In connection with Mr. Fong’s appointment as Senior Vice President and Chief
Commercial Officer, the Company and Mr. Fong also entered into an Amendment to
the Severance Agreement by and between the Company and Mr. Fong, dated as of
January 6, 2015 (as amended, the “Severance Agreement”). The Severance Agreement
provides, among other things, that if Mr. Fong’s employment with the Company is
terminated for any reason, the Company shall pay Mr. Fong: (i) any accrued but
unpaid Base Salary and any reimbursement for expenses incurred in accordance
with the Company’s expense reimbursement policies; and (ii) one and one-half of Mr. Fong’s Base Salary and an amount equal to four months of the COBRA premium
applicable to Mr. Fong. The foregoing description of the Severance Agreement is
qualified in its entirety by reference to the full text of the agreement, which
is attached as Exhibits 10.2 and 10.3 to this Current Report on Form 8-K.

Mr. Fong previously entered into an Employee Invention and Proprietary
Information Agreement. Mr. Fong will enter into the Company’s standard form of
indemnity agreement, which was previously filed by the Company as Exhibit 10.1
to the Company’s Form 8-K filed on January 24, 2018.

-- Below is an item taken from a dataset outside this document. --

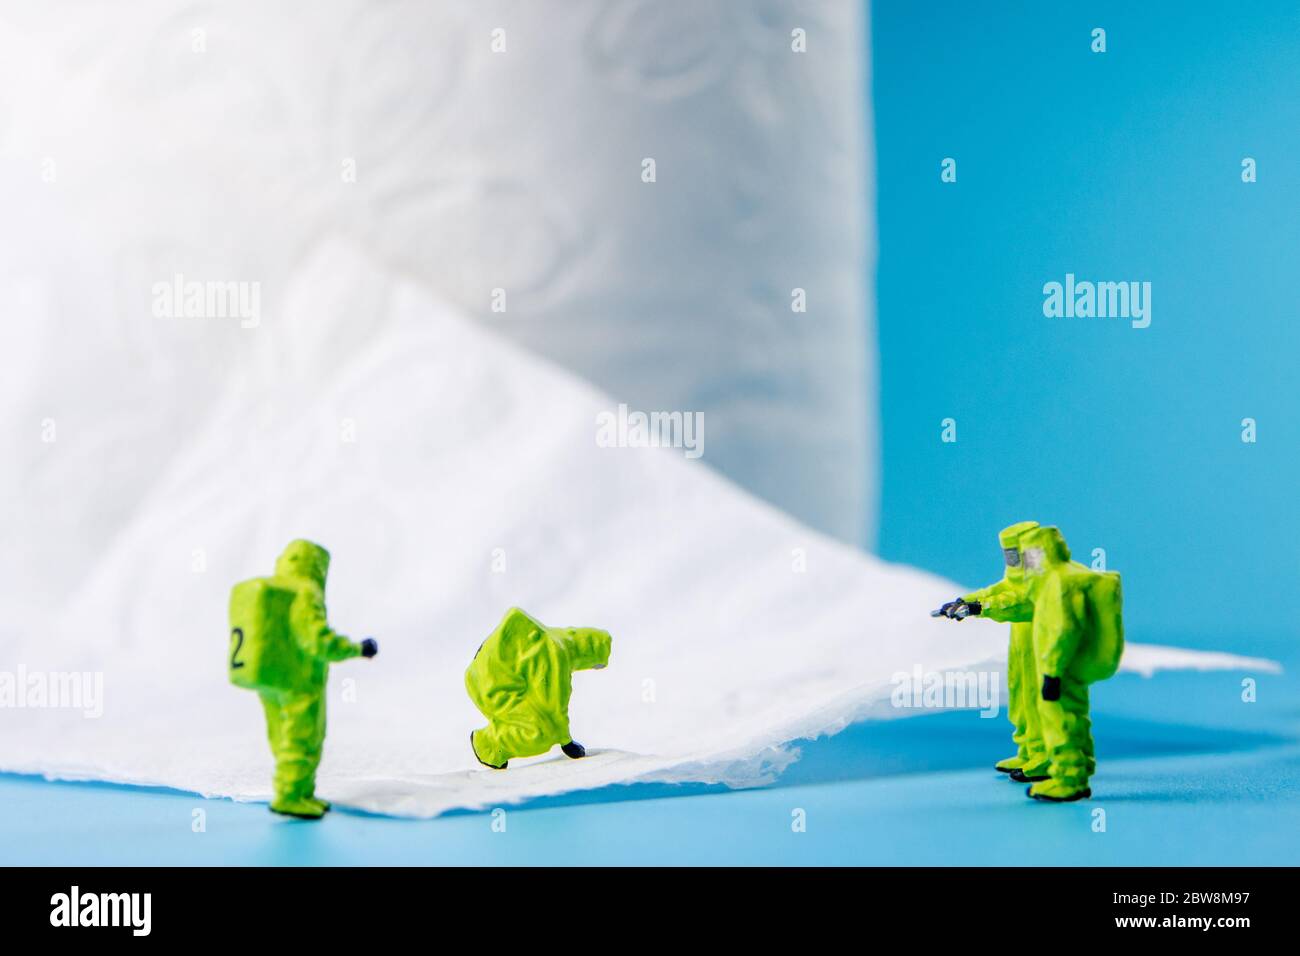 une équipe de figurines miniatures vérifiant une propreté du papier toilette, très important pour faire une desinfection de la toilette et d'autres endroits peut-être sale Banque D'Images

There are no arrangements or understandings between Mr. Fong and any other
persons pursuant to which he was appointed as Senior Vice President and Chief
Commercial Officer of the Company. There are no family relationships between Mr. Fong and any director or executive officer of the Company, and he has no
direct or indirect material interest in any transaction required to be disclosed
pursuant to Item 404(a) of Regulation S-K.

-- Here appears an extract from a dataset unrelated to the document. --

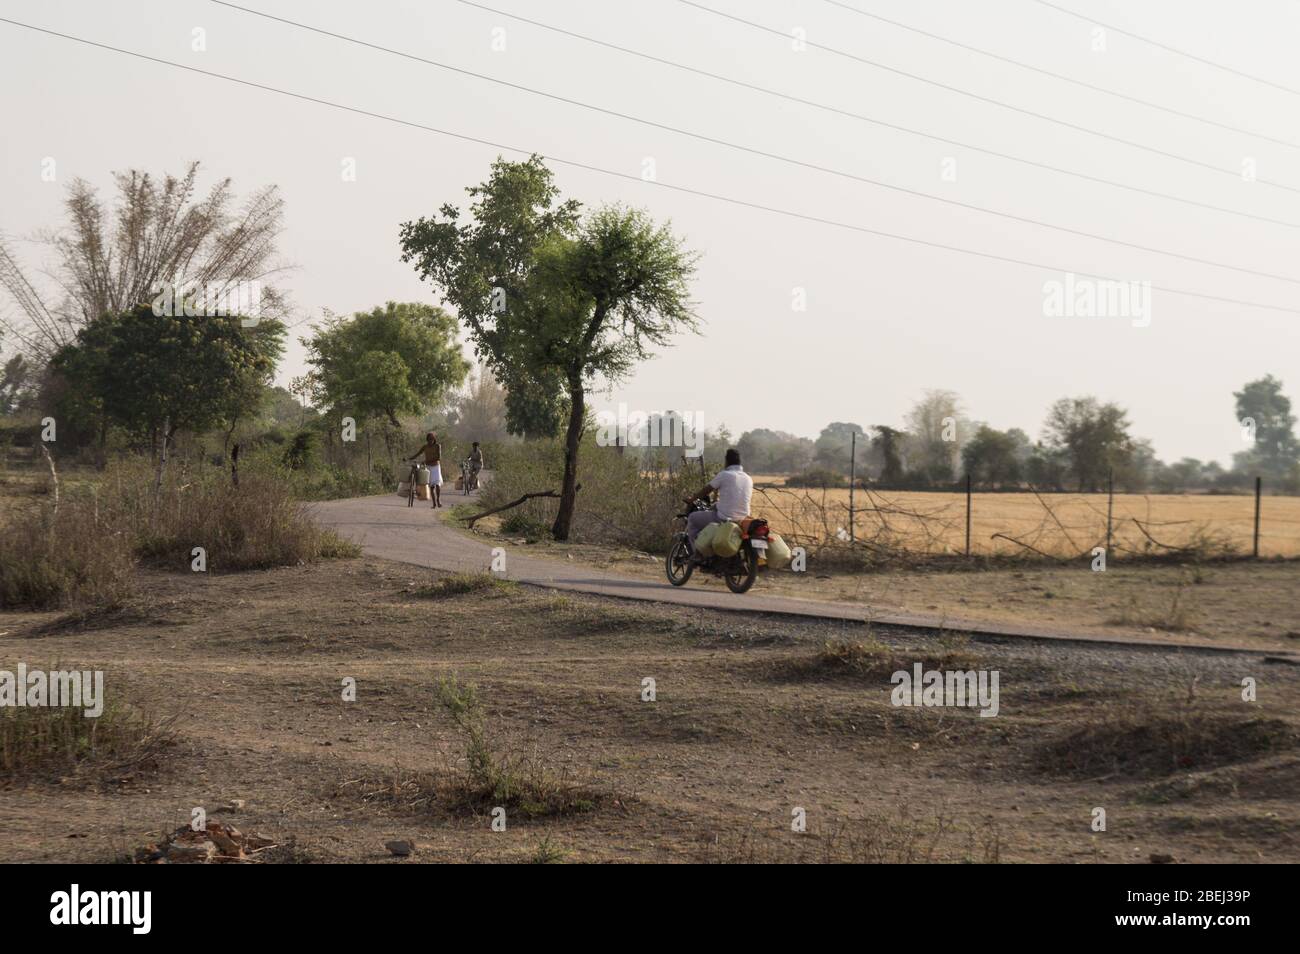 Les villageois indiens vont collecter de l'eau près par étang, mais il y a une différence entre ces deux qui est un qui ont la moto qu'il est plus Banque D'Images

Item 9.01 Financial Statements and Exhibits.


Exhibit
Number       Description

10.1*+         Offer Letter, by and between CTI BioPharma Corp. and James K. Fong,
             dated as of March 1, 2022

10.2*+         Severance Agreement, by and between CTI BioPharma Corp. and James K.
             Fong, dated as of January 6, 2015

10.3*+         Amendment to Severance Agreement, by and between CTI BioPharma Corp.
             and James K. Fong, dated as of March 1, 2022

104          Cover Page Interactive Data File (embedded with the Inline XBRL
             document)



* Filed herewith.


+ Indicates management contract or compensatory plan.